Frequently Asked Questions

  • What portion of your funding comes from state and/or federal government for helping wildlife?

None. All funding comes from donations made by concerned individuals plus an occasional small grant.

  • How many employees work at the facility?

Everyone here is an unpaid volunteer. During the course of a week between 10 and 15 volunteers help. This number varies, usually to the low side, with Gail doing a large percentage of the work. Others help with off-site supportive work, such as this web site and the newsletter.

  • What training is needed to be a volunteer?

There is no special training required to volunteer. Simple tasks are done at first, eventually learning more as experience, ability, and situations, are achieved.

  • Are volunteers needed and how do I volunteer?

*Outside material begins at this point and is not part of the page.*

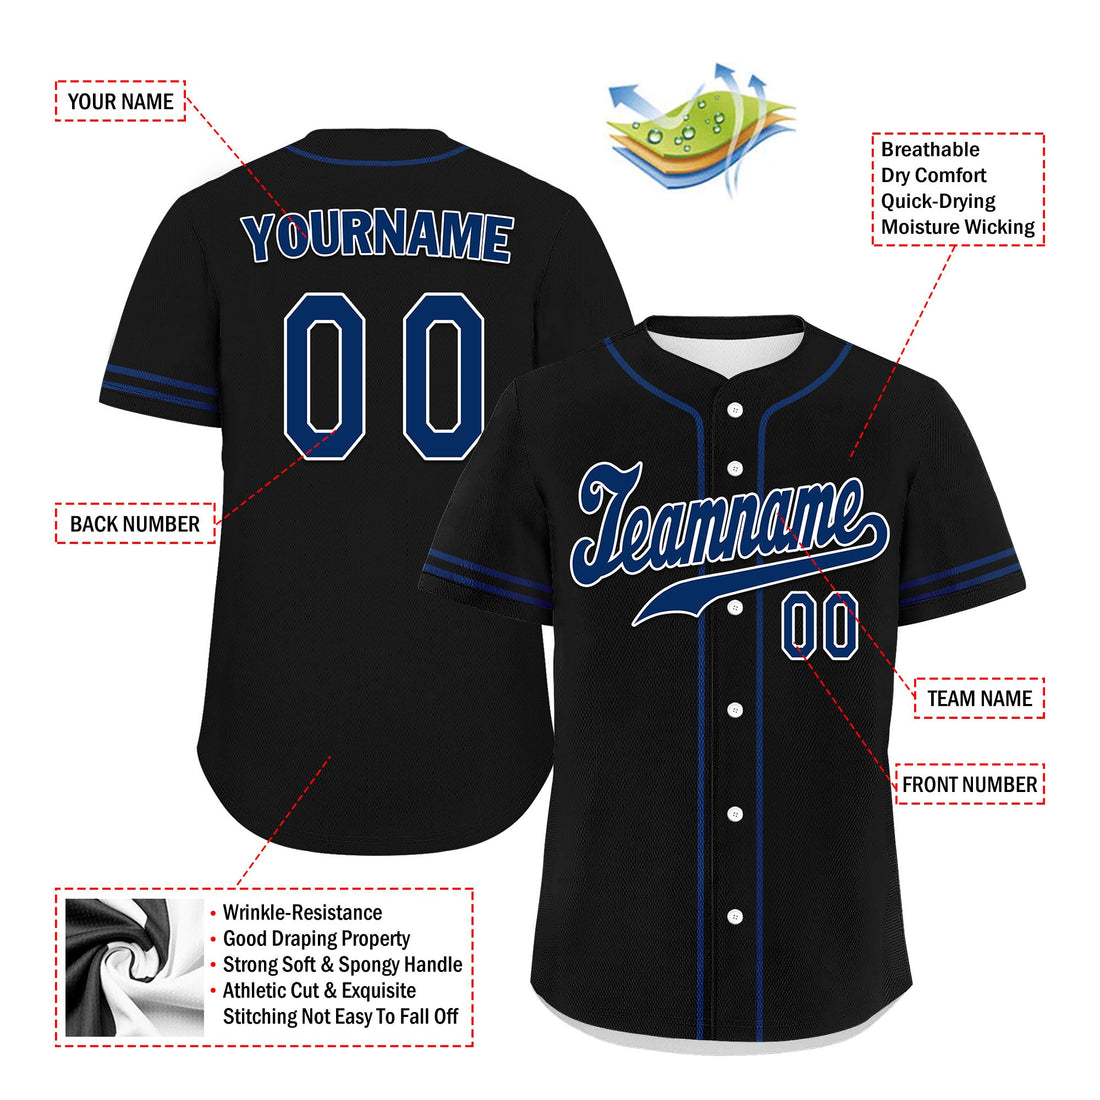 Custom Black Classic Style Blue Personalized Authentic Baseball Jersey UN002-bd0b00d8-bd

Yes. Call the center at (941) 778-6324 and speak with Ed or Gail. Please bring with you a completed Volunteer application.

  • I’ve seen your birds during the day. Don’t the owls usually sleep during the day?

No. Owls only rest and maintain their awareness. It would be very dangerous for them to sleep like we do. Many animals rest their body without actual sleep, such as fish, dolphins, sharks, and some birds will even hunt to feed babies 24 hours a day.

  • How close can I get to a bird of prey before it attacks or jumps at me?

Birds do not arbitrarily attack people, unless you would get very close the their babies. Birds, or other animals, require a good reason to attack anything, usually either to eat it or it’s a predator in their territory. When they are too close to a human or other animal, they just fly away.